How Do We Measure Performance?
Speechmatics has recently moved to using GPUs to run its new transcription models. The new models are significantly more accurate, and the new hardware running them makes them significantly faster. To ensure our batch transcriptions are performing efficiently, we use the Real Time Factor (RTF). This ratio measures how quickly files are being transcribed with respect to the audio file duration.
During the development and testing of our transcription and translation models, we used the RTF value as a guideline for how efficient our new GPU models were, whether it be by speeding up transcription times or using significantly larger models to provide better accuracy for the same RTF.
While this is great, running on GPU hardware can get costly, and we want to guarantee this improved performance whilst also remaining cost-efficient.
The Challenge
Previously batch transcriptions were processed in their own isolated Kubernetes pod and only required CPU hardware. We could fit multiple transcribers onto a CPU node and each transcriber would get its own dedicated resources and not impact other running jobs.
With the move to GPU, we are now leveraging Nvidia’s Triton Server, and transcription jobs are running against a shared inference server. While it is much more performant than running on CPU, we now lose this isolation meaning multiple transcription jobs share GPU resources.

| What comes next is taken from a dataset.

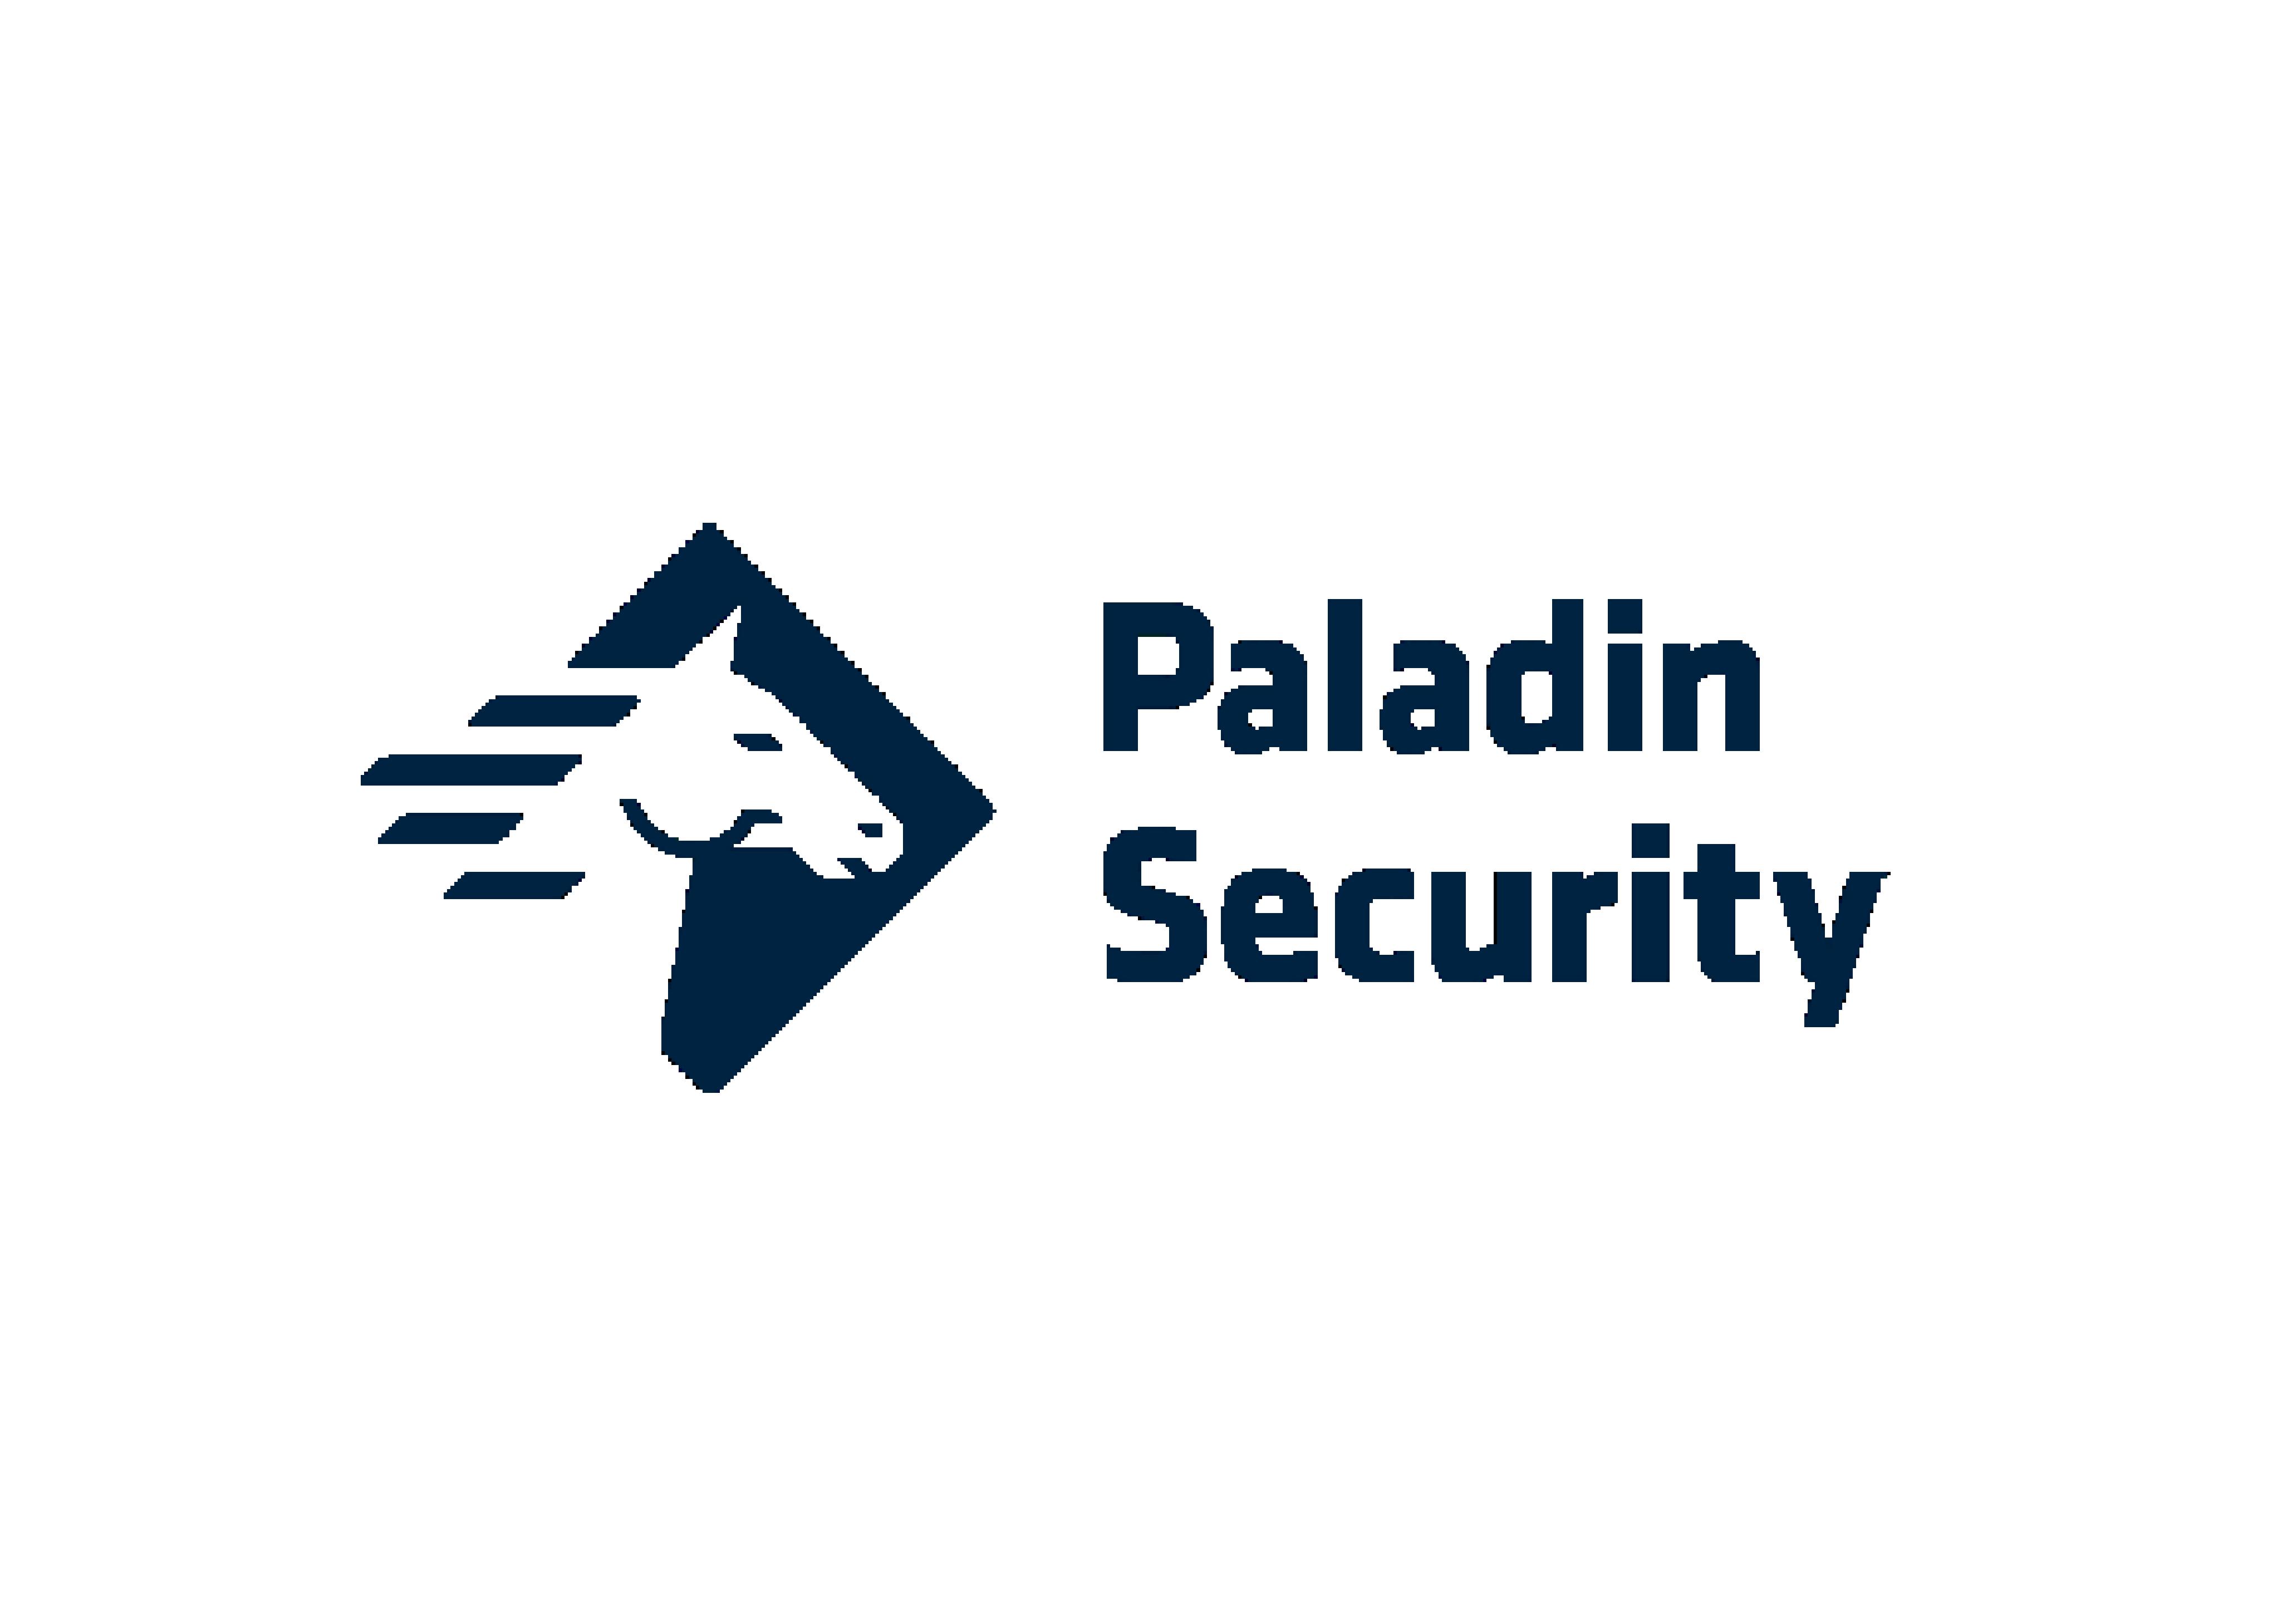 https://palamerican.com/wp-content/uploads/2021/06/PSG-1-01.png

An over-run Triton server handling a large number of requests or complex audio will start to impact RTFs across all of our transcription jobs. To avoid this, we need to ensure that we have enough GPU capacity to process whatever jobs come through. With relatively unpredictable traffic, it can get expensive to run GPUs at maximum capacity constantly, instead, we need to scale our GPUs based on demand.

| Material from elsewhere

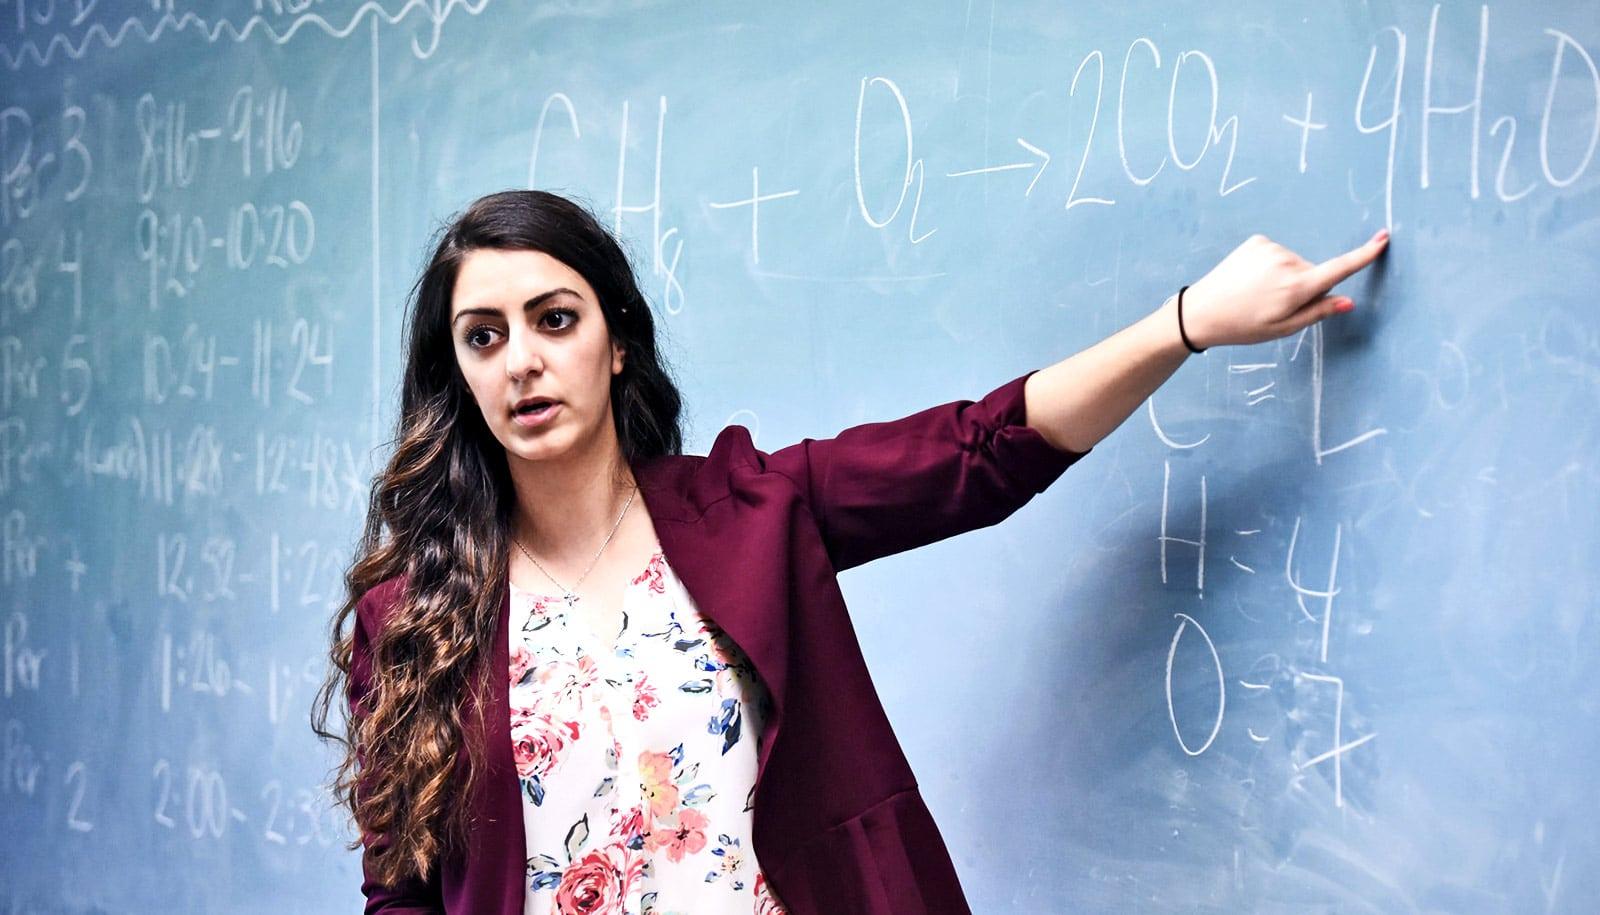 teacher blackboard teachers futurity expert

GPU Autoscaling on the Right Metrics
Kubernetes horizontal autoscaling is typically based of metrics such as CPU and memory, but these values were not going to paint a full picture of our transcription performance. Before rolling out to production, we ran numerous load tests against Triton to determine where a single server would begin to fail and to identify any measurable symptoms that would allow us to respond effectively.
We could not simply rely on the previously identified metrics of RTF and job rate. RTF would simply be too late as the jobs would have already been processed, and we found early on that Triton’s performance can be affected by various factors other than job rate. For instance, more complex audio with the usual job rate can still cause a bottleneck. Additionally, neither of these metrics are strictly indicative of a struggling Triton server, so we needed to find a metric from Triton that suggested performance issues which could result in an increase in RTF.
Triton exposes a /metrics
endpoint which provides information about the number of inferences executed, inference duration and much more. A full list of metrics can be found here.
As Triton receives inference requests, they are placed into a queue. Triton forms a batch of inference requests from the queue and then uses the GPU to process them in parallel. When a Triton server is put under load we can start to see the relationship between size of the batches and inference queue duration.